You might have a hard time using doubles in that scenario. You'd have to rent 2 sets of doubles and then convince the dive op to let you use a technical dive configuration on a recreational charter where the other divers are all in single tanks. Many will not allow that.

Probably the best next step for you is to just use a larger single tank. You can get HP120s at some tropical locations, and those are pretty commonly used for air hogs on Cozumel trips. Try it, it might solve your problem. Diving with two tanks, either BM or SM, presents extra complications on a small recreational dive boat. There's a reason people generally don't do it.

Unless you're a huge person, there is probably some non-gear related reason why you are using much more air than other divers on your trips, if that is what you are describing. I haven't read all the comments in this thread so I might have missed something.

If you are married to the idea of two tanks on a small recreational dive boat and you have experience with BM doubles, that's what makes the most sense. To do SM really well is a process. There are many terrible SM divers out there. (present company excluded, of course!)
 
Go bm doubles. You can dive more places in bm due to boats not wanting to deal with sm divers commonly. Add to that a place like Bonaire if you wanted more dive time, entry with doubles is easier than dragging two sm tanks. I actually have more time in sm than I do bm but bm is the better choice for you right now in my opinion. Sm has become this thing everybody is doing at any skill level. It’s really meant to be a specialized setup for certain dives at a technical level. But the cool factor has brought it mainstream.

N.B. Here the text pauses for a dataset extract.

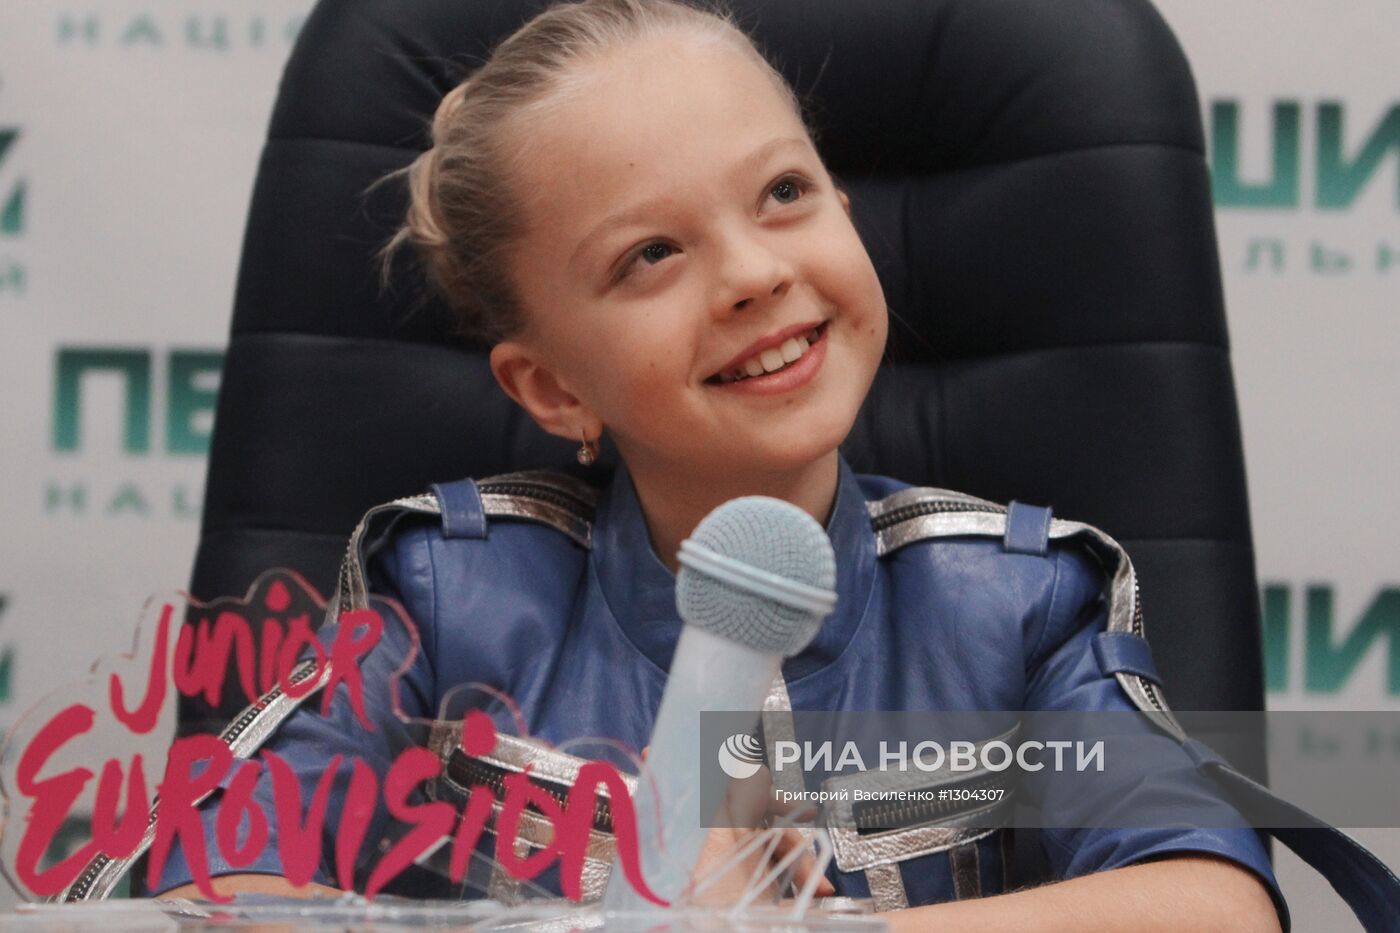 Победитель конкурса "Детское Евровидение-2012" Анастасия Петрик
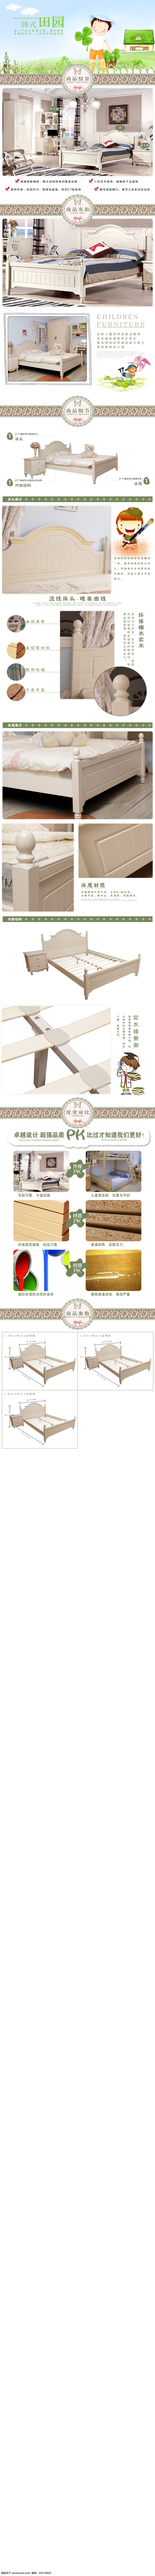 韩式 田园 儿童 床 淘宝模板下载 淘宝设计 淘宝素材 原创设计 原创淘宝设计

Not necessarily for the better.
 
Did you considered mono cylinder on your back and a stage on your side?
This way you have flexibility if only one tanks is required for a shallow dive, easier on your back (you can put your stage in the water without equipment on your back on shore and on boat too), and you can even donate if an emergency would emerge.
And this setup is quite flexible with rented tanks too which usually could cause troubles with doubles.

I would assume you have experience with stages so this way you do not go on a new learning curve.
 
Another alternative...

Use a bottom stage -- think you call them ponies. Breathe off the backmounted cylinder until you get to the bottom, then switch to the bottom stage and "empty" that (50 bar / 750 psi), then return to breathing the backmounted cylinder.

Always use the backmounted cylinder for the ascent and climbing back on the boat -- 'cos you can remove the bottom stage if its too heavy.
Interesting. When I do open water stage dives, I start on the stage and breath it empty reserving min gas in my primaries.